I’ve been working on a small project recently. The task seems quite simple at the first glance: to capture a somewhat good quality image for OCR purpose later on. The input device is sort of ID card reader prototype with camera embedded with capturing area about credit card, business card size. The trouble is the camera will be active all time so when no card or document is placed on to the device, it will see the whole wild outside world (think of a ATM machine with camera mounted for face recognition for example. The first problem is to determine whether or not there is a person standing in front the ATM, reliable and robustly).
In my case the similar question is to determine when a valid card has been placed onto the device FULLY and NOT MOVING, THEN grab one image or a couple of images for later processing modules.
I’ve been searching around for similar questions.
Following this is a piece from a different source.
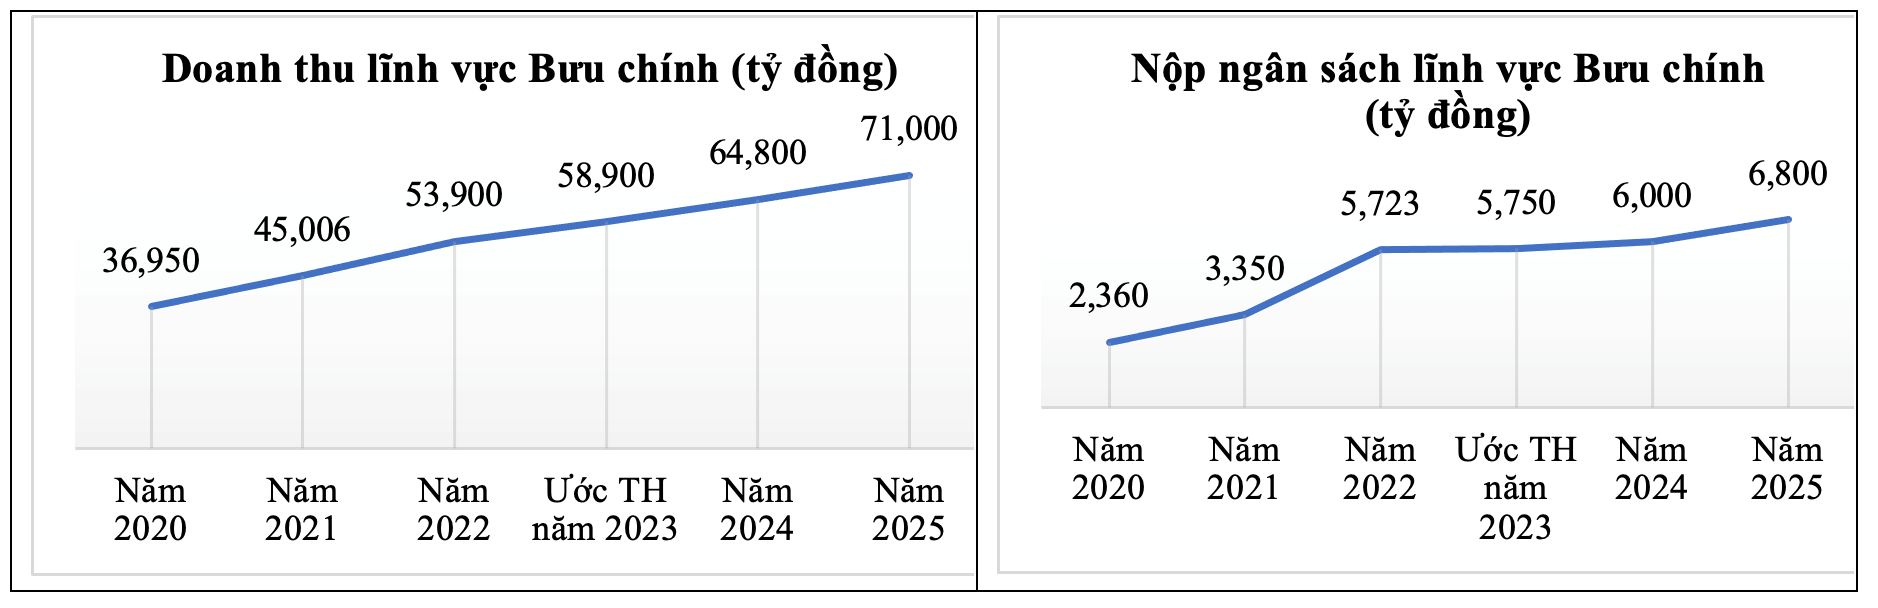 doanh-thu-buu-chinh-2023.png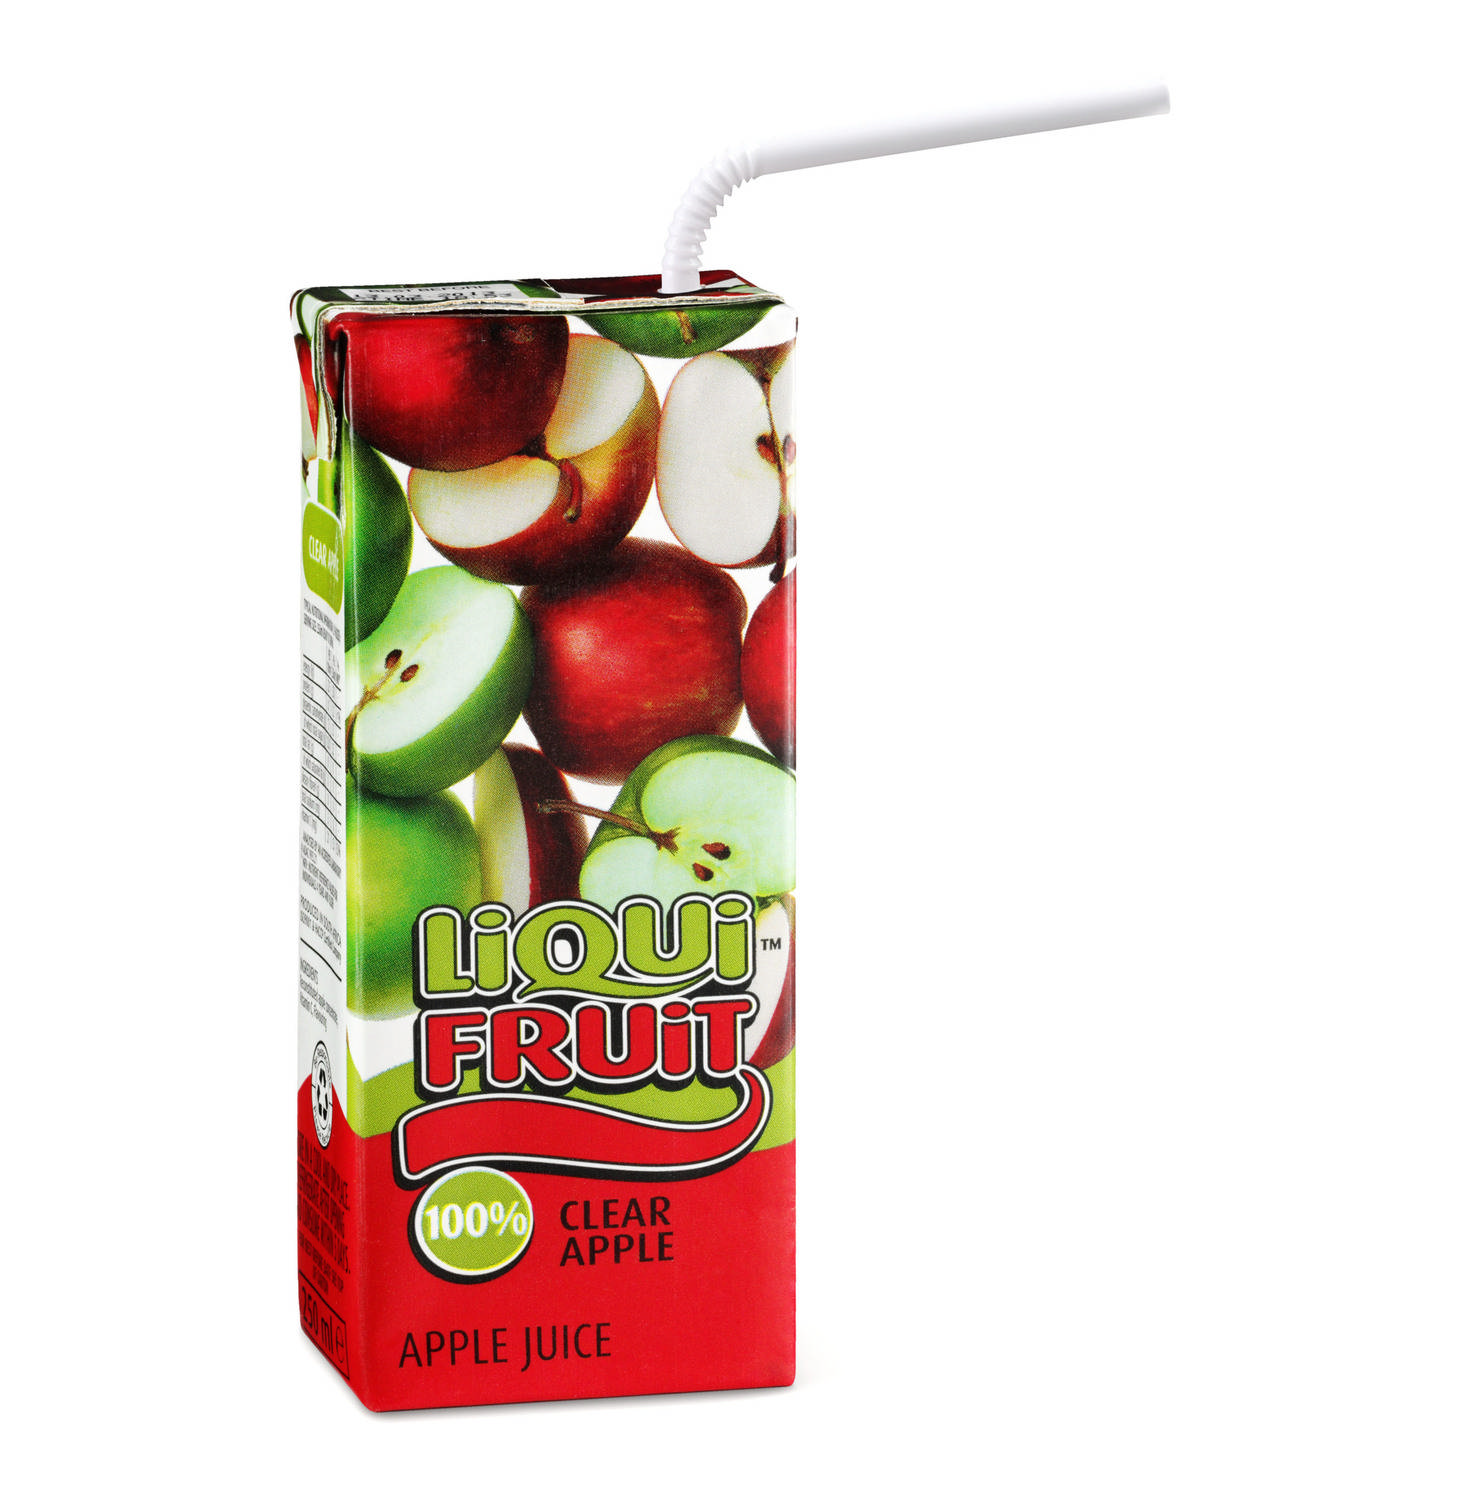 Dodgy “object” found floating in Liqui Fruit juice photo

Some answers are very useful and informative, for example:
image processing to improve tesseract OCR accuracy
Preprocessing image for Tesseract OCR with OpenCV
Image cleaning before OCR application
How can I improve the accuracy of Tesseract OCR?
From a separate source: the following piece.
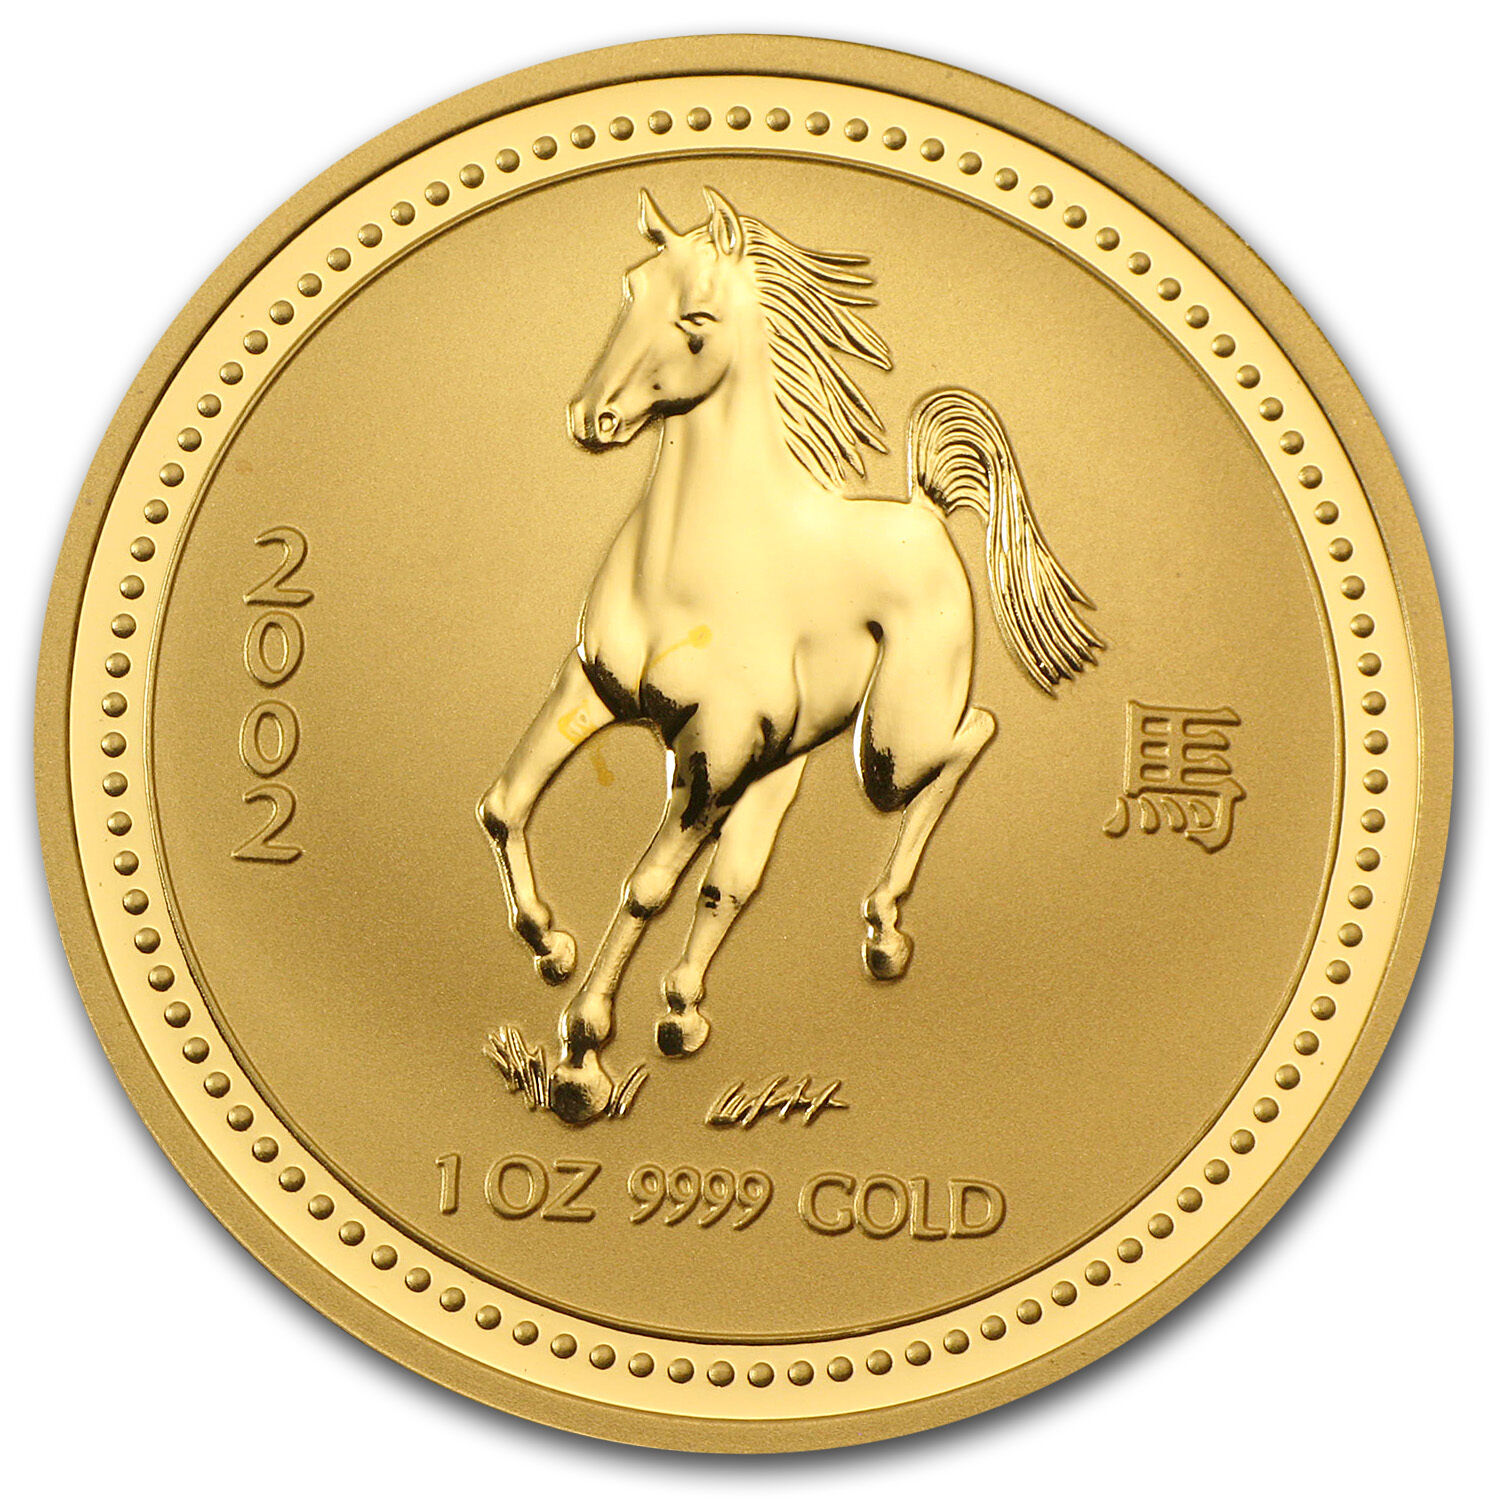 2002 1 oz Gold Australian Perth Mint Lunar Year of the Horse Coin - SKU #8981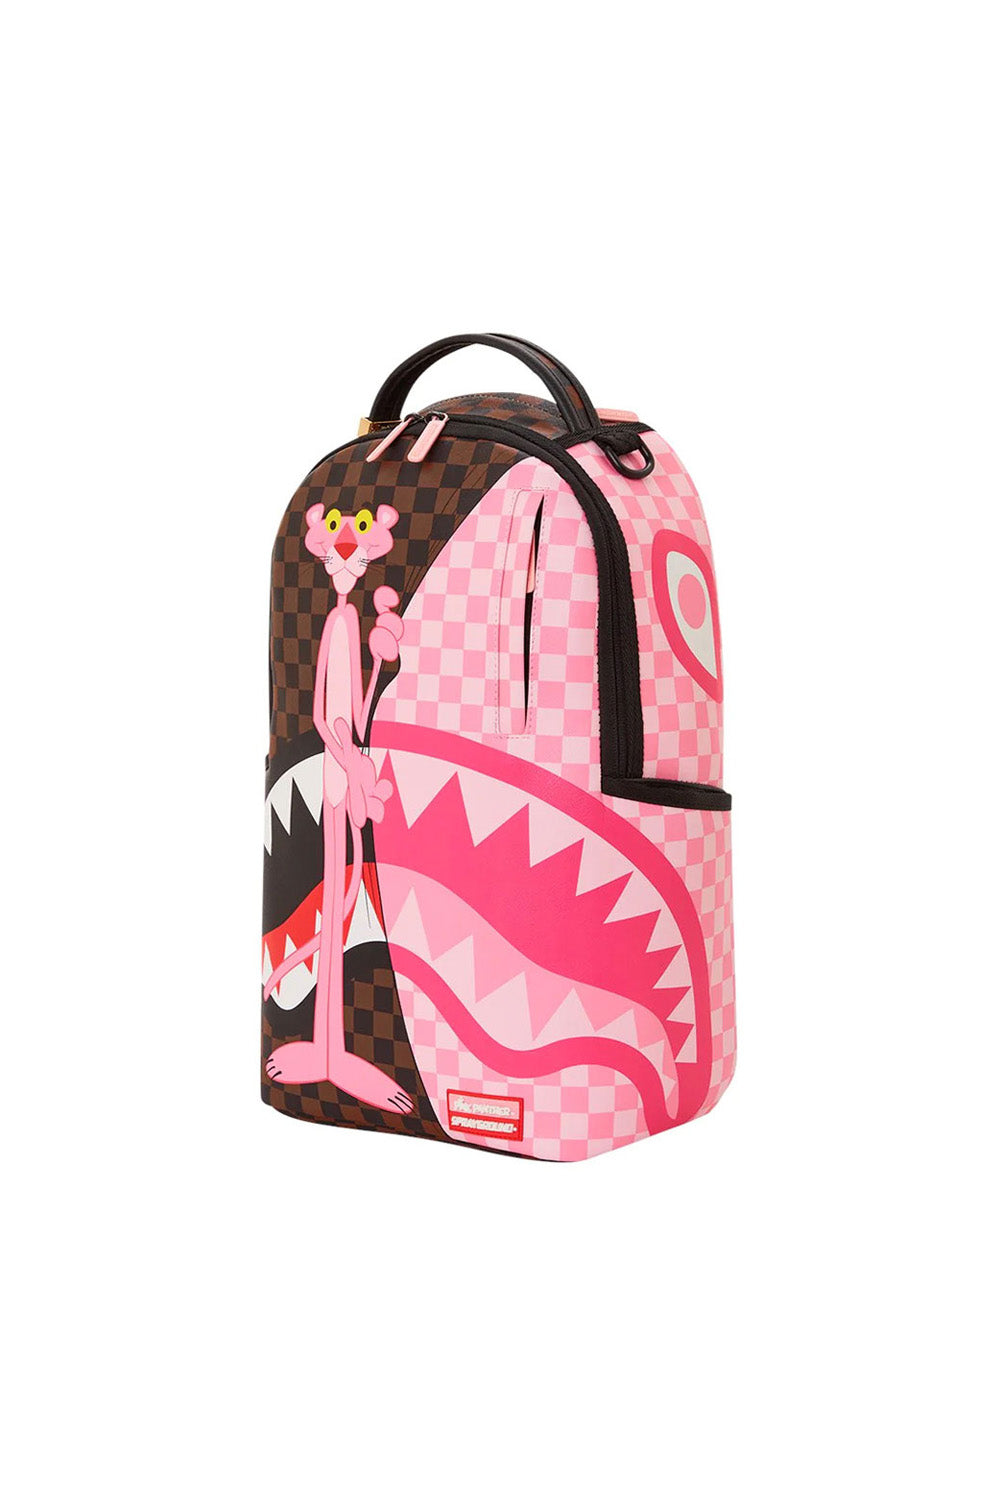 Update more than 56 sprayground anime camo pink backpack latest   induhocakina

However, all of them are assuming the capturing job has been done quite decently, meaning there is no motion blur, the valid area of the document or card is captured in its entireness, etc. Although the examples in the above links are indeed quite challenge in itself in terms of usual artefacts (e.g. distortion, uneven exposure, skewed text lines etc.), my trouble is I haven’t even gone that far yet!
So to summarise, I’m looking for existing methods/algorithmic ideas/relevant papers or links on:
- How to determine there is a document or card put on the device?
- How to determine all the valid region of the card is FULLY visible?
Some potentially useful cues I can think of:
- Motion
- Feature points (many many choices but how to use them properly)
- Significant intensity level change when internal camera is coved by card or document.
For the first question, the difficulty is the dynamic background such as passing-by pedestrians, cars, sudden nature light change etc.
For second question, the problem is that the types of the card or document are not fixed, unfortunately - At least I was told so :( This makes the classification solution a bit tricky since no way to collect enough training samples, not to mention the half or quarterly inserted card…